Efficacy Data With Lirafugratinib in FGFR2-Altered Cholangiocarcinoma: Lipika Goyal, MD
Lipika Goyal, MD, of the Stanford Cancer Institute of Stanford University, unpacks findings from the phase 1/2 ReFocus trial (NCT04526106) examining lirafugratinib (RLY-4008) in patients with FGFR2-altered cholangiocarcinoma (CCA). Data from the pivotal cohort presented at the 2026 Gastrointestinal Cancers Symposium showed that among FGFR inhibitor–naive, chemotherapy-exposed patients (n = 114), the independent review committee–assessed ORR was 46.5% (95% CI, 37.1%-56.1%), with a CR rate of 2.6%, partial response rate of 43.9%, stable disease rate of 50.0%; the disease control rate was 96.5% (95% CI, 91.3%-99.0%). Moreover, the median DOR was 11.8 months (95% CI, 7.5-13.0), the median PFS was 11.3 months (95% CI, 9.2-14.8), and the median overall survival was 22.8 months (95% CI, 18.1-27.2). These findings supported a new drug application for lirafugratinib as a second-line treatment for pretreated CCA harboring FGFR2 fusions or rearrangements, which was granted priority review by the FDA in March 2026. A Prescription Drug User Fee Act target action date of December 3, 2026, has been set.
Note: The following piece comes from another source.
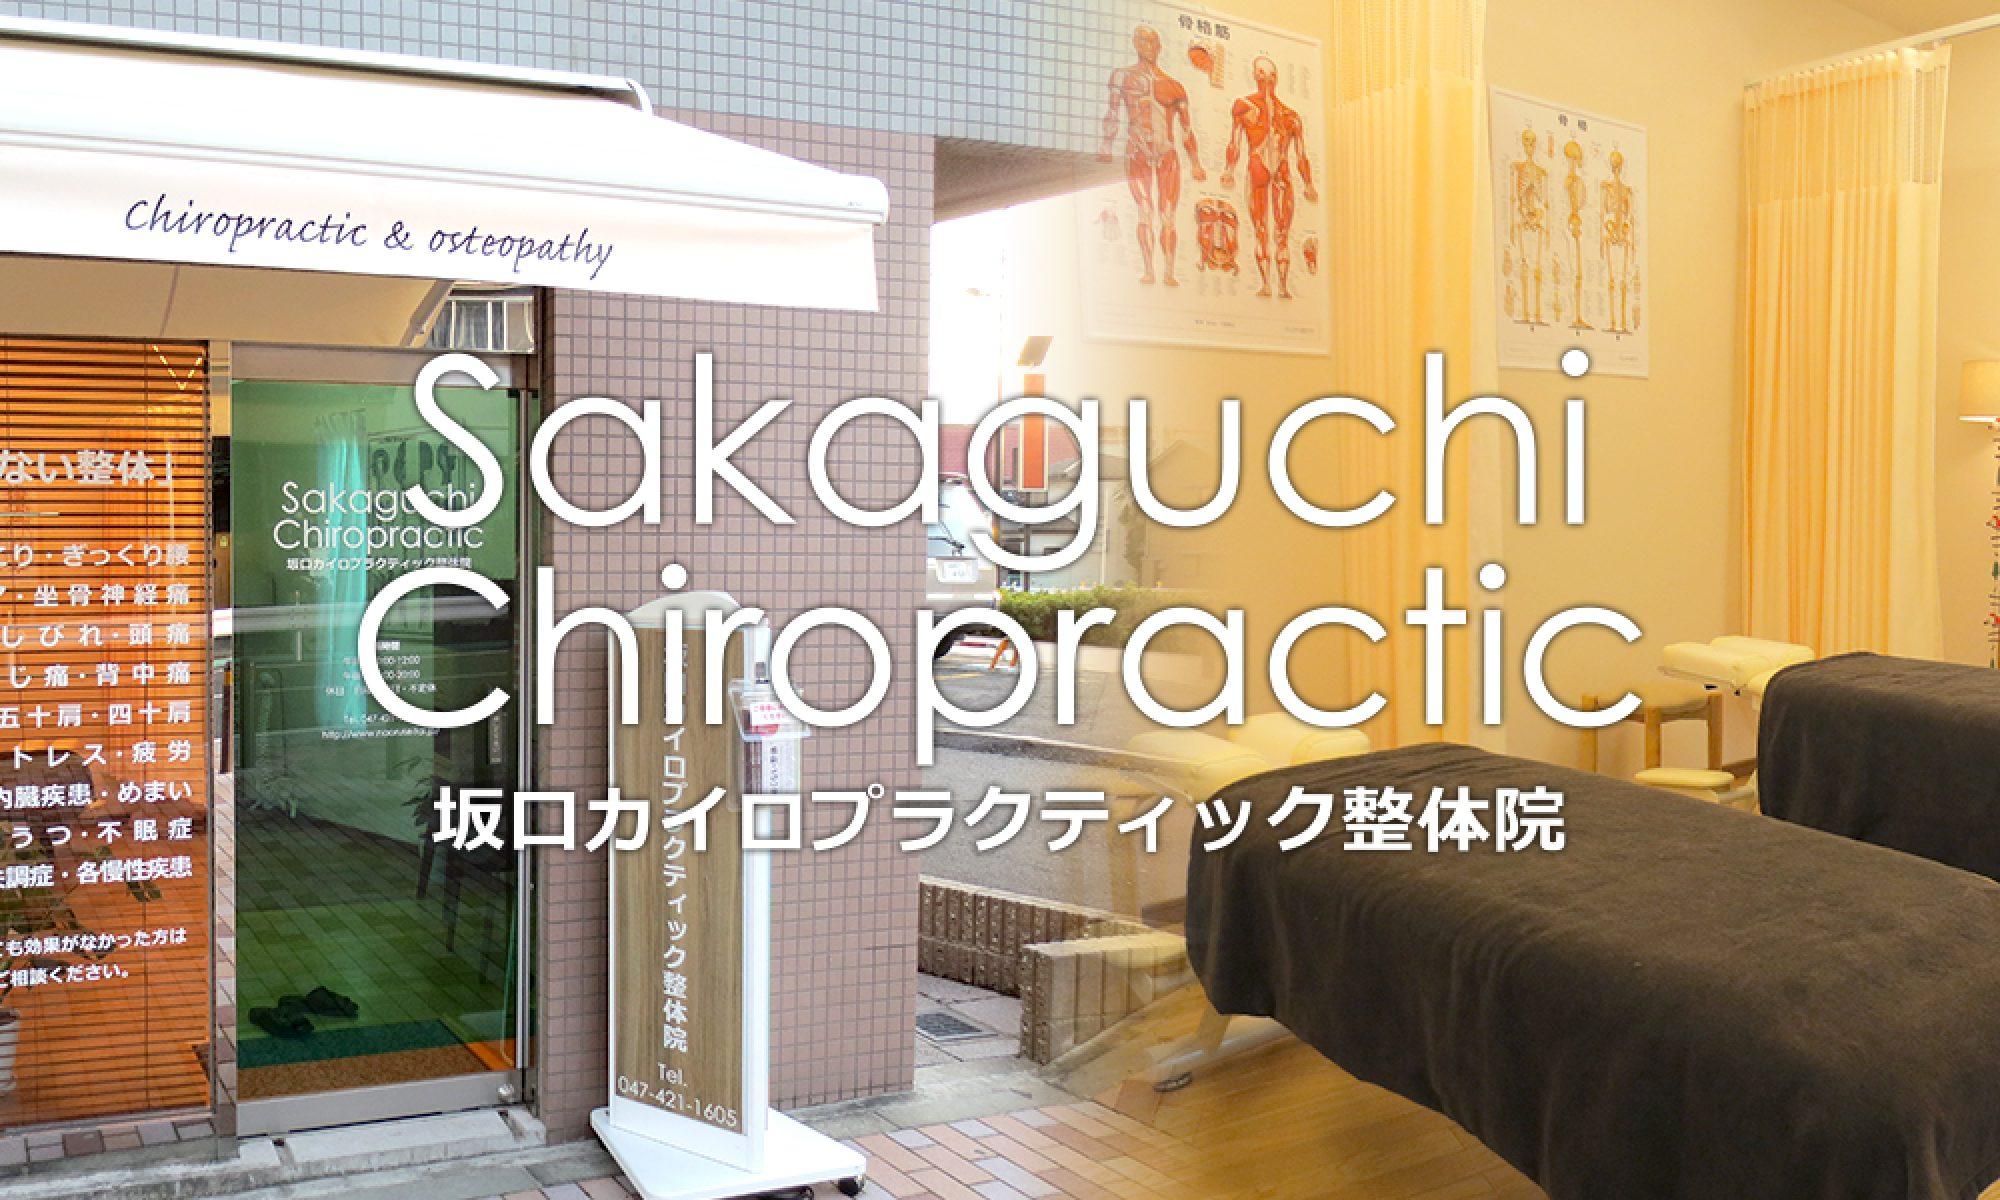 坂口カイロプラクティック整体院のブログ
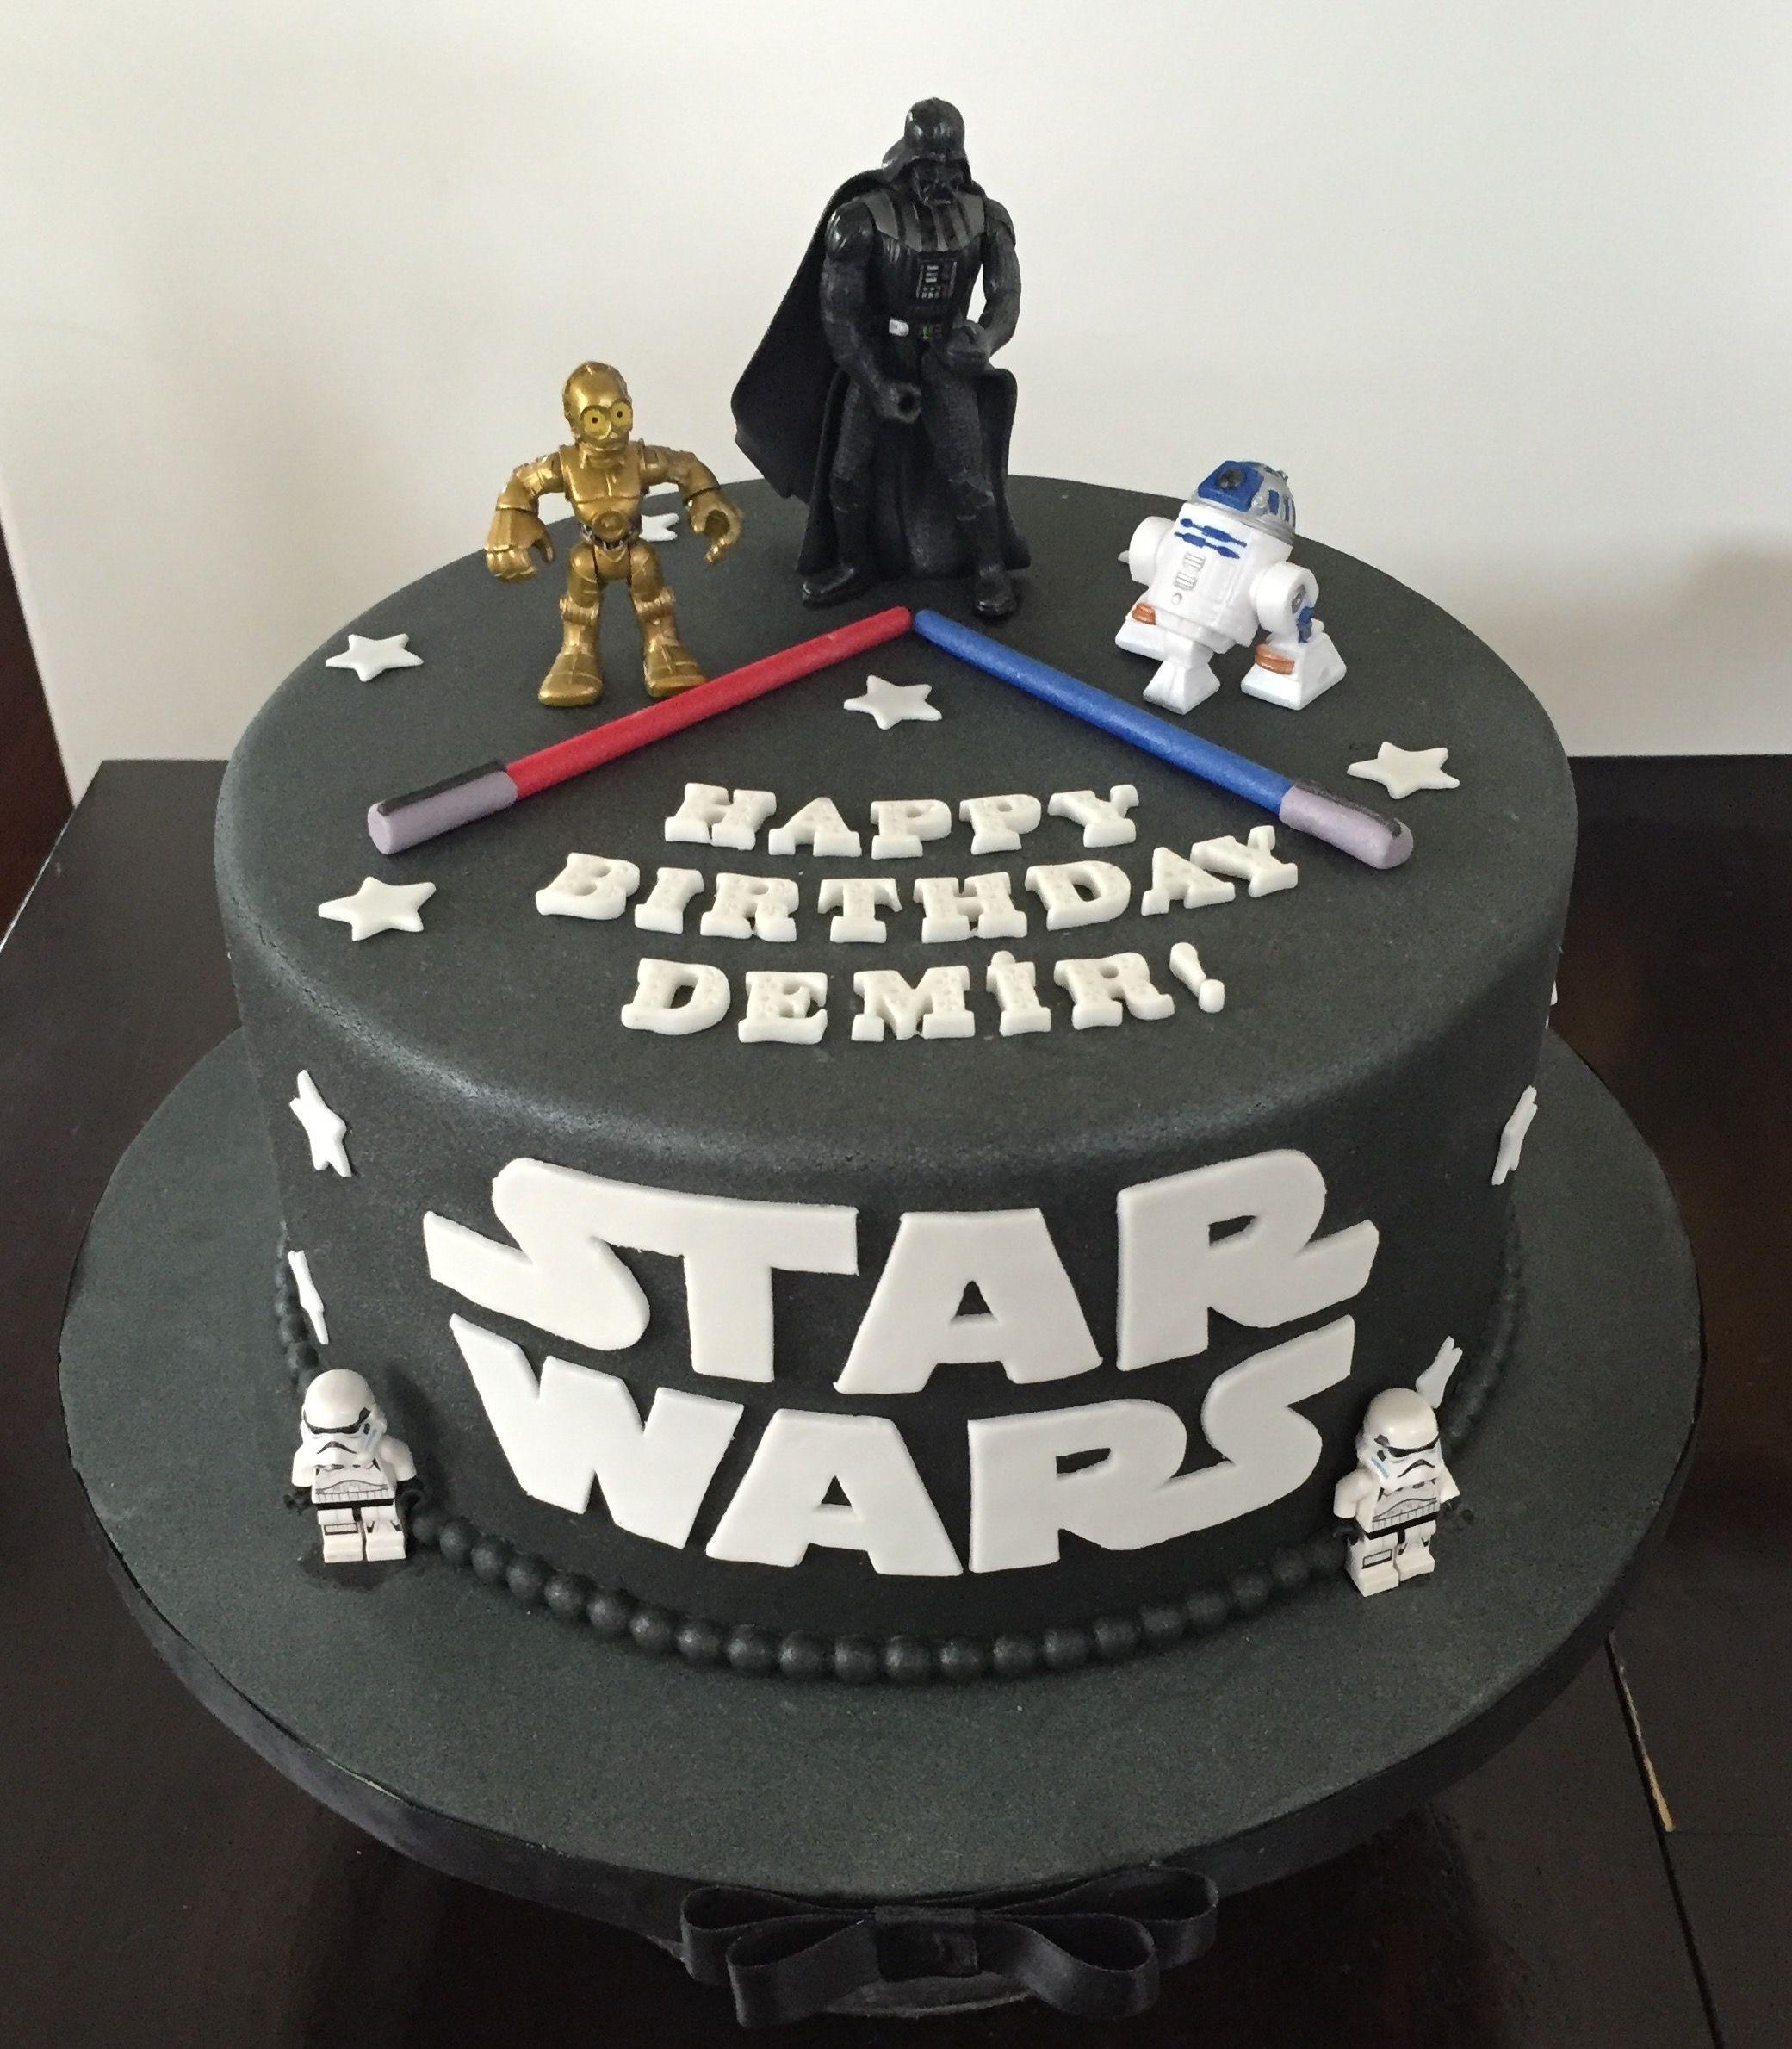 Star Wars Cake Star Wars Birthday Cake Star Wars Cake War Cake

Background of the Phase 4 OPTYX Trial in Advanced Prostate Cancer: Rana R. McKay, MD
Rana R. McKay, MD, of UC San Diego School of Medicine, explains the rationale for the phase 4 OPTYX trial (NCT05467176) examining the real-world use of relugolix (Orgovyx) in patients with advanced prostate cancer. Relugolix is the only FDA-approved oral gonadotropin-releasing hormone receptor antagonist, and data from the phase 3 HERO trial (NCT03085095) showcased more rapid and sustained testosterone suppression, a favorable safety and tolerability profile, more rapid testosterone recovery upon discontinuation, and improved cardiovascular outcomes vs standard ADT. OPTYX is a prospective, multicenter, observational study enrolling adult patients in the United States receiving relugolix as a single agent or in combination. The study is assessing quality of life via Functional Assessment of Cancer Therapy–Prostate (FACT-P) criteria at baseline and at 3 and 6 months, treatment adherence via the Simplified Medication Adherence Questionnaire, and safety per incidence of serious AEs, treatment discontinuation, and death. Data from OPTYX were presented in a poster at the 2026 Genitourinary Cancers Symposium, supplementing the HERO data with real-world evidence on relugolix use in clinical practice.